On Saturday, July 23, 2011 11:33:03 AM Przemek Klosowski did opine:
> On Fri, Jul 22, 2011 at 3:15 PM, Igor Chudov <[email protected]> wrote:
> > El cheapo ethernet routers cost $9.99:
> >
> > http://www.newegg.com/Product/Product.aspx?Item=N82E16833166034
> >
> > I believe that a cheap Ethernet thermometer would cost roughly as
> > much, if someone wanted to produce it.
>
> Yeah but this Rosewill box is really a plastic box with five
> connectors surrounding a dedicated ethernet switch chip---a mass
> market item that's cheap because they make zillions.

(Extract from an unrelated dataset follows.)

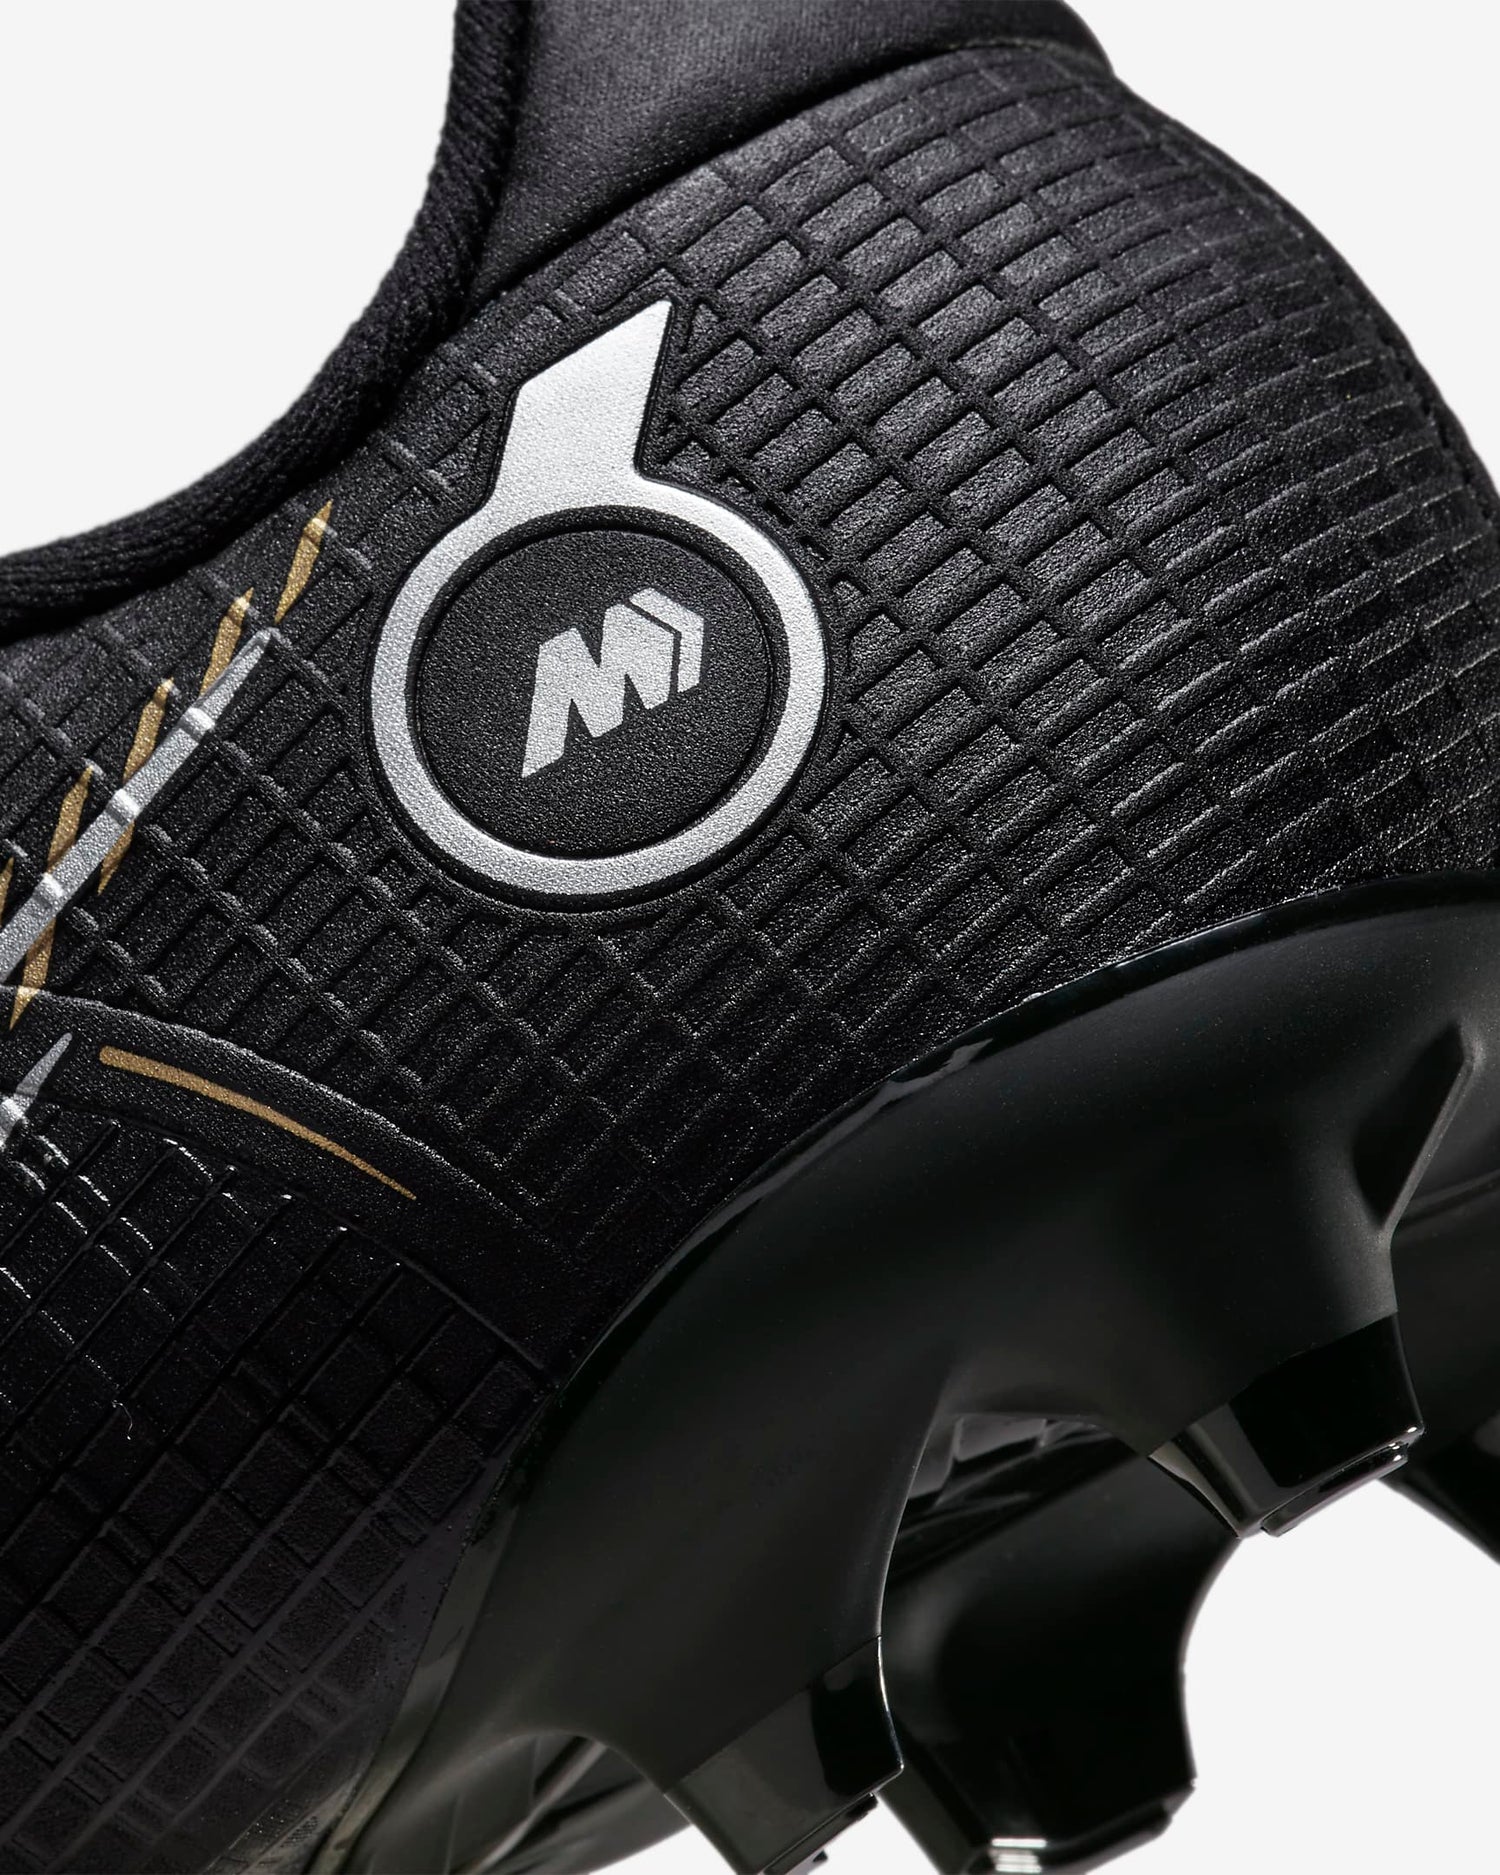 Nike JR Vapor 14 Academy FG-MG - Black-Gold-Silver (Detail 3)

Anything else has
> volumes that are multiple orders of magnitude smaller.
>
> To get a good price, the only way is to judo the strength of the mass
> market---repurpose an OpenWRT router or a cast-off PC. Even then,
> however, you need the Ethernet cable AND the power line---unless you
> jigged the power (low-voltage DC, of course) over the unused pairs in
> the Ethernet.
>
> This gives me an idea--I think it might work to hook one of those
> two-wire or I2C Dallas/Maxim temp sensors over a long 'ethernet'
> cable, and bitbang them. Does anyone know what are the practical
> limitations on I2C/two-wire? A twisted-pair ethernet cable should
> help...
Unforch, I2C is not really suited for long distances, the cables
capacitance limit is 400 pf, it is not a "terminated" transmission line
design by any stretch. No cat5 type cable has any advantage in its twisted
pair, differential receiver design. Neither do the std 4 wire phone
cables. 40 feet and I2C is Dead in the Water.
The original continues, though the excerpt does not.